The Harshest Abortion Restrictions Are Yet to Come

The pro-life movement is now focused on three major strategies at the state level.

Photo collage of abortion-rights protesters, a woman, and a hospital bed
The Atlantic; Bloomberg / Getty; Oleksandr Khymchenko / Getty; Scott Olson / Getty

About the authors: David S. Cohen is a professor of law at Drexel University’s Kline School of Law. Greer Donley is an assistant professor at the University of Pittsburgh Law School. Rachel Rebouché is the interim dean and a professor of law at Temple University’s Beasley School of Law.

The Dobbs decision will forever change many people’s lives. But it also sparked a legal revolution that is just beginning. State by state, the movement that fought to overturn Roe v. Wade is now fighting for even more extreme measures.

This means that the harshest restrictions on abortion are yet to come. As the anti-abortion movement works toward its goal of a nationwide abortion ban, we can expect it to pursue three major legal strategies now that Roe has been overruled.

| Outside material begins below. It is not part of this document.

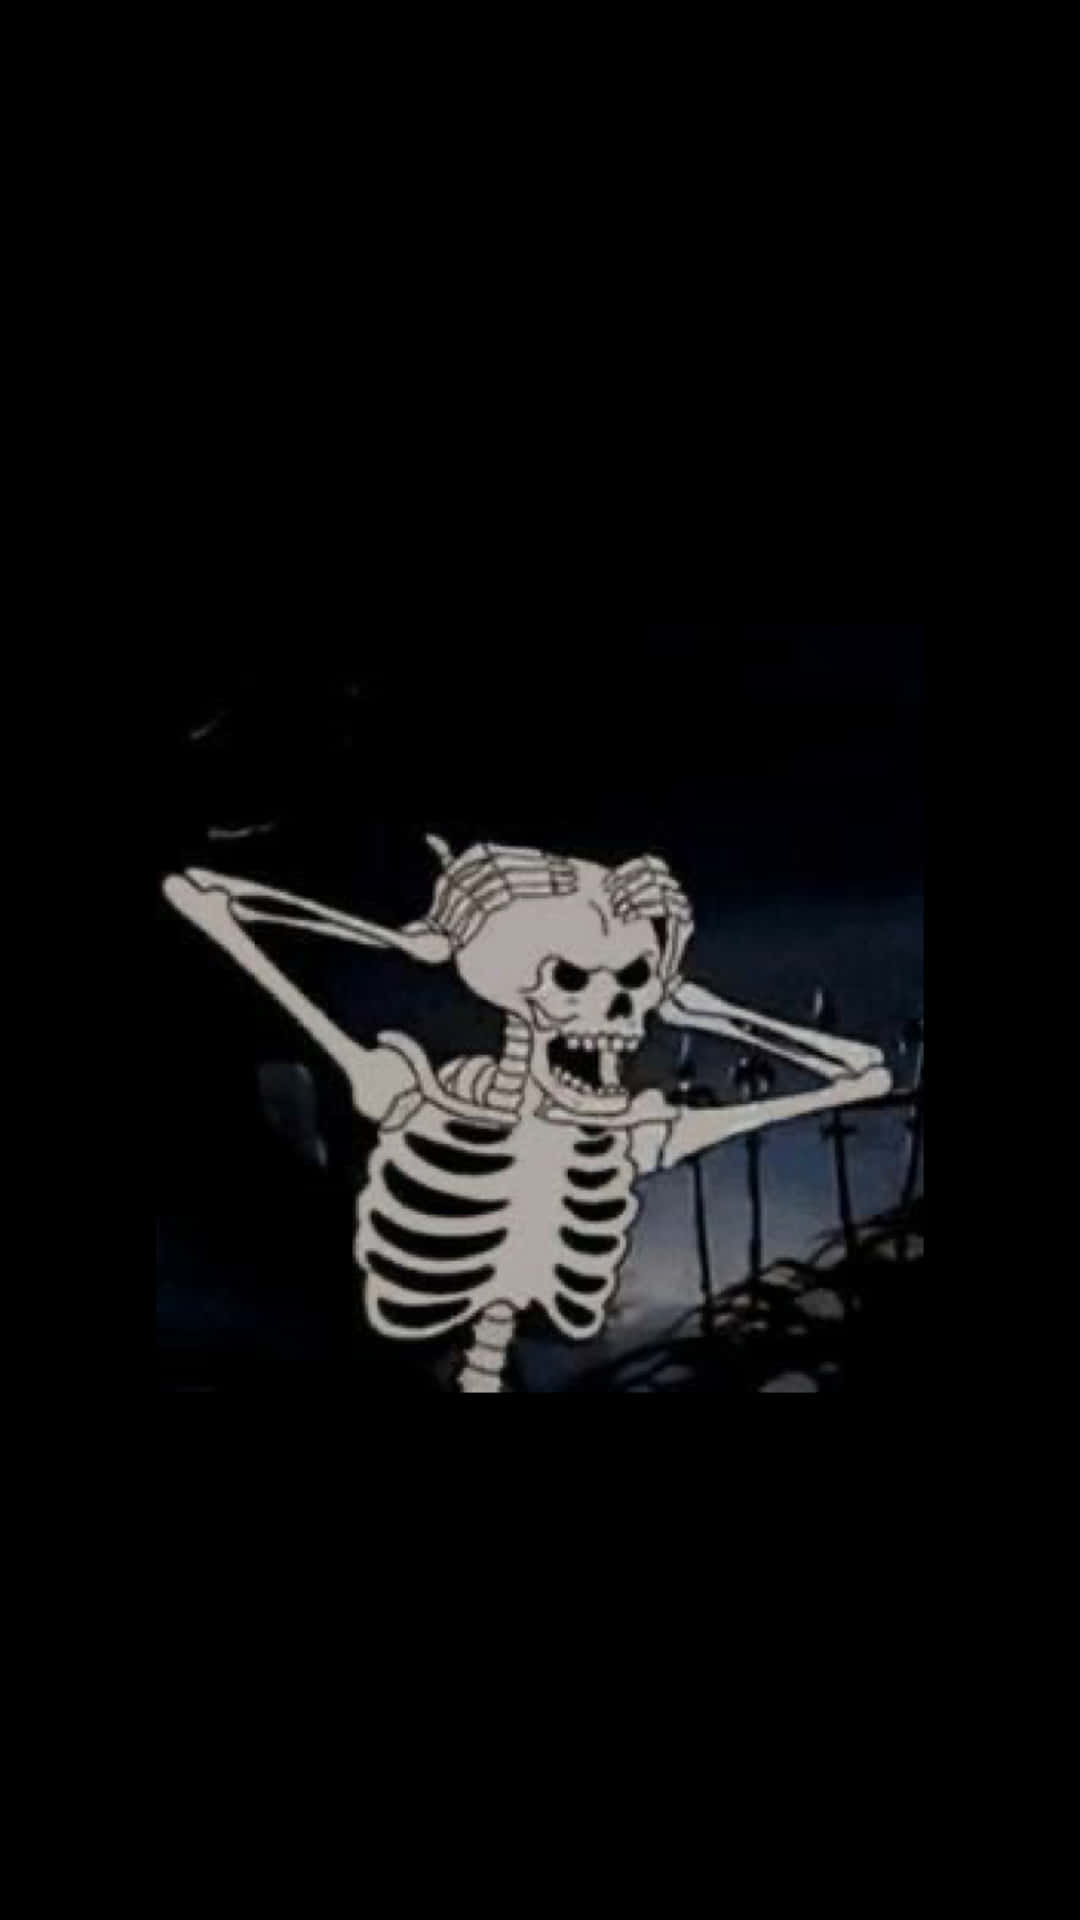 Skeleton Aesthetic Black Grunge Wallpaper

First, states will stretch the reach of their abortion penalties outside their borders. For instance, recent model legislation from the National Right to Life Committee extends application of state laws to minors who cross state lines to get an abortion, and legislators in states including Missouri, South Dakota, and Arkansas are debating potential bills that would make traveling to get an abortion difficult.

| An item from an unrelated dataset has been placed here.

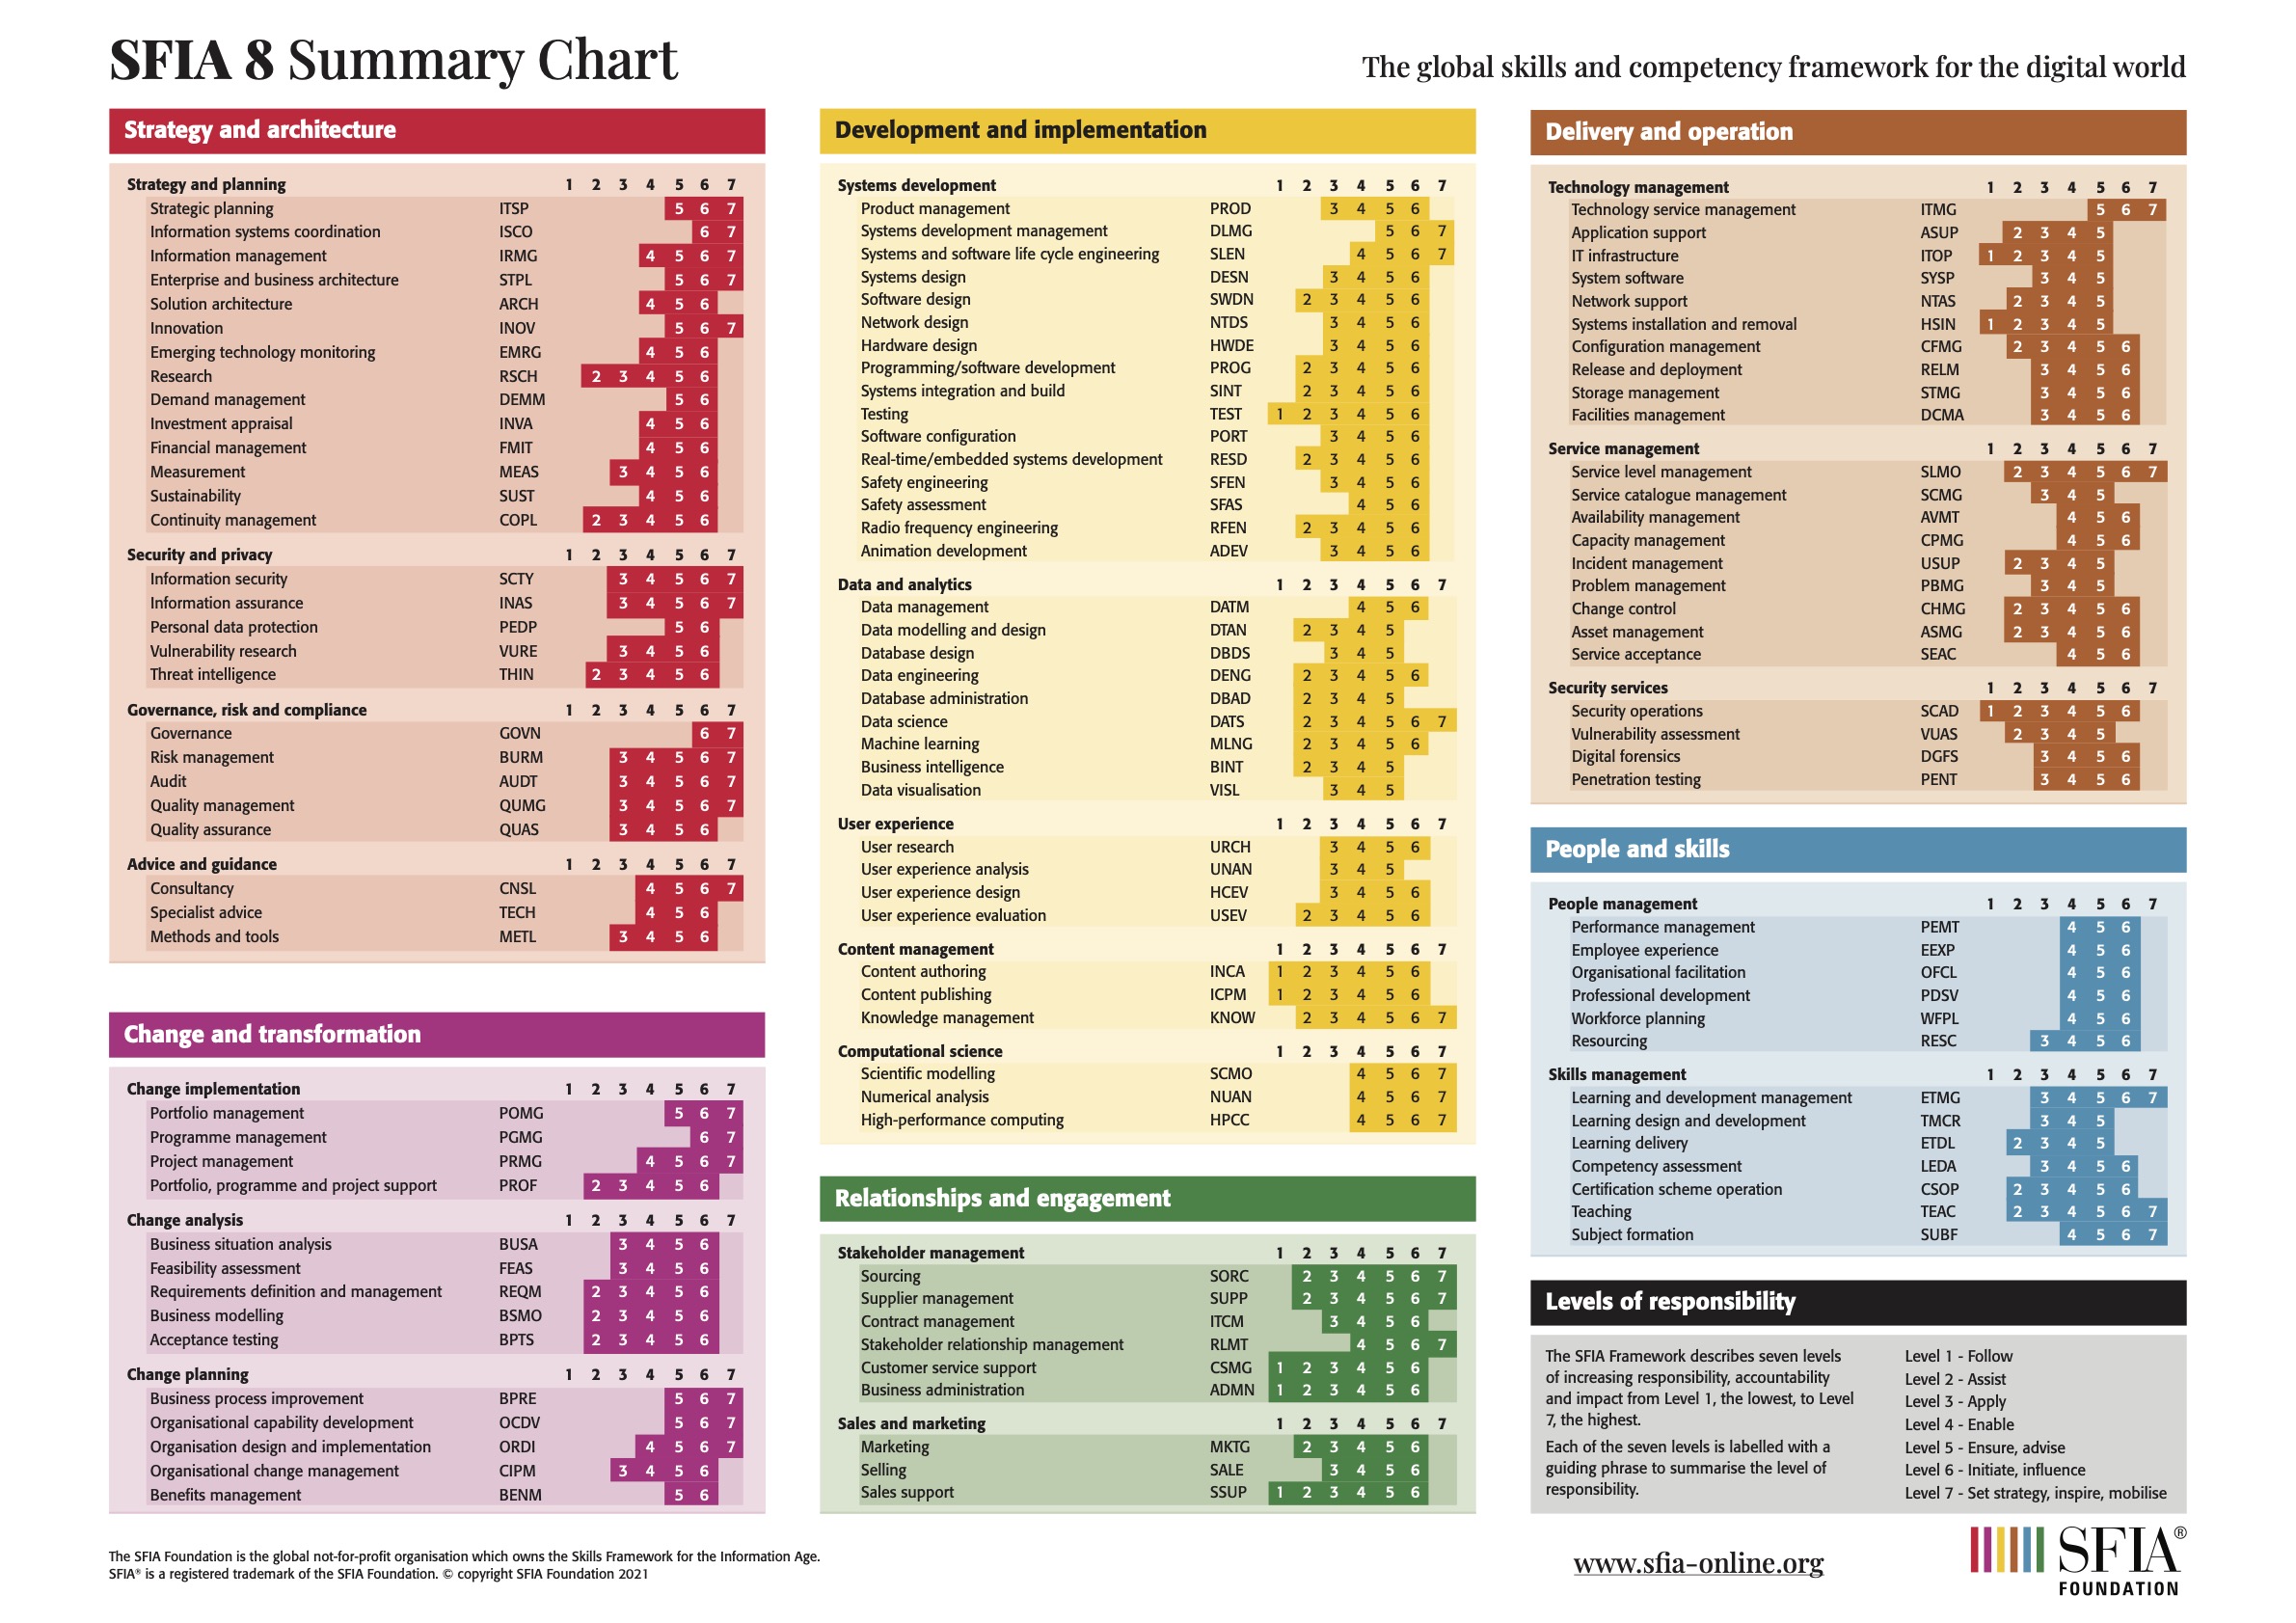 SFIA summmary chart

This strategy is legally suspect; a variety of constitutional provisions should curb states’ extraterritorial reach. In fact, Justice Brett Kavanaugh recognized a right to travel in his Dobbs concurrence, albeit just for the patient seeking services. But as the dissent in Dobbs points out, and as we have previously argued, it is not at all clear that federal courts would agree that cross-border laws are unconstitutional in this very undeveloped area of law. And even if it were clearer that states could not punish interstate abortion travel or target providers offering care to out-of-state residents, attempts to do so, even if stopped by the courts, might have a chilling effect. We are already seeing providers in some states limiting their offerings for out-of-state patients.

Second, people seeking abortions and the people assisting them, not just providers, will be targets of civil and criminal punishment. The same model legislation mentioned above recommends criminalizing anyone who aids or abets an abortion, a clause possibly broad enough to include someone who provides funds, offers a ride to the clinic, or helps with child care while a person receives abortion care, wherever it occurs. The grandmother who drives a minor to New Mexico from Texas could face legal repercussions when she returns home. Already, in Texas, prosecutors have threatened abortion funds with liability, causing some to stop offering help.

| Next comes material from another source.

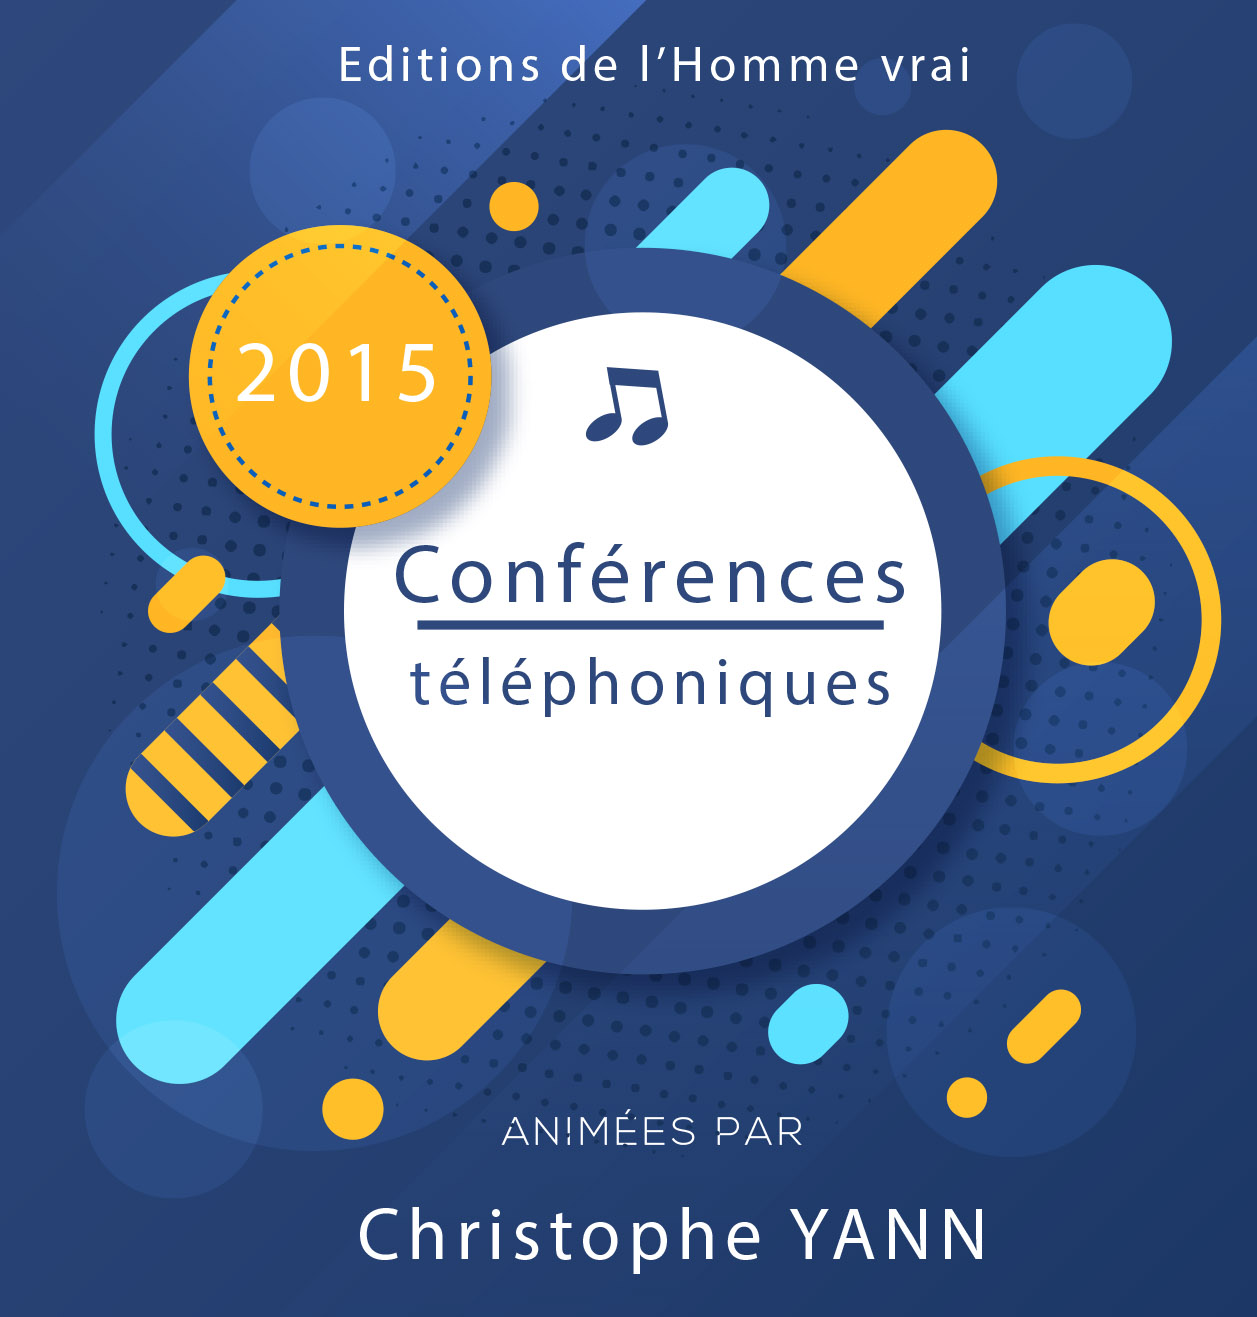 Conferences telephoniques 2015

Relatedly, up until now, abortion bans have typically excluded the pregnant person from criminal liability. But that could change too. Medication abortion ends a pregnancy through 10 or so weeks with two drugs taken sequentially. Because abortion pills cross borders in ways states will find hard to police, legislators and prosecutors could turn their attention to punishing the people who take them. Even if the state law does not allow this prosecution, arrests that create media attention will likely scare patients.

Third, legislation will seek to confer the rights of personhood at conception and thus redefine abortion as well as pregnancy. For example, Louisiana recently considered a bill that would confer legal rights “from the moment of fertilization.” Alabama passed a statute in 2019, which soon should take effect now that Dobbs has been decided, that defines life as beginning at conception. Such measures provide prosecutors with a new arsenal of ordinary criminal laws because abortion could be murder, and anyone who helps with an abortion could be liable as a conspirator. Further, defining life at conception means anything that endangers a fertilized egg could be an abortion, even if the embryo has not yet implanted. This change, at the level of state legislation, could sweep into a ban on certain forms of birth control and fertility services and cause risk-averse providers to refuse to prescribe women drugs that could cause miscarriage.

These strategies are so extreme that some might not succeed. States and cities will resist enforcing abortion bans, using their powers to control funding and to decide whether to prosecute or investigate abortion crimes. City officials in Austin; New Orleans; Fairfax County, Virginia; and others have announced that they will use their enforcement discretion and power over funding to deprioritize abortion-related crimes.

And even more powerful, states can legislate to protect providers and patients. Connecticut, New York, Delaware, and New Jersey, for instance, recently passed “shield laws,” which would protect in-state providers from being extradited for the legal abortions they perform should any other state try to do so; ban cooperation with out-of-state investigations; and bar disciplinary actions against providers for treating out-of-state patients. Governors of California, Massachusetts, Minnesota, New Mexico, and Nevada have issued executive orders since Dobbs that will have a similar effect. Oregon and New York have allotted tens of millions of dollars to abortion provision, and Massachusetts is considering expanding its providers’ scope of services beyond state borders.

The interstate conflicts that are just emerging will test values grounded in our federalist structure that many people have long taken for granted. With states supporting abortion and states banning abortion moving in such dramatically different directions, the stakes are high not only for people who deeply care about this issue but also for those who seek to heal the deep divisions in this country.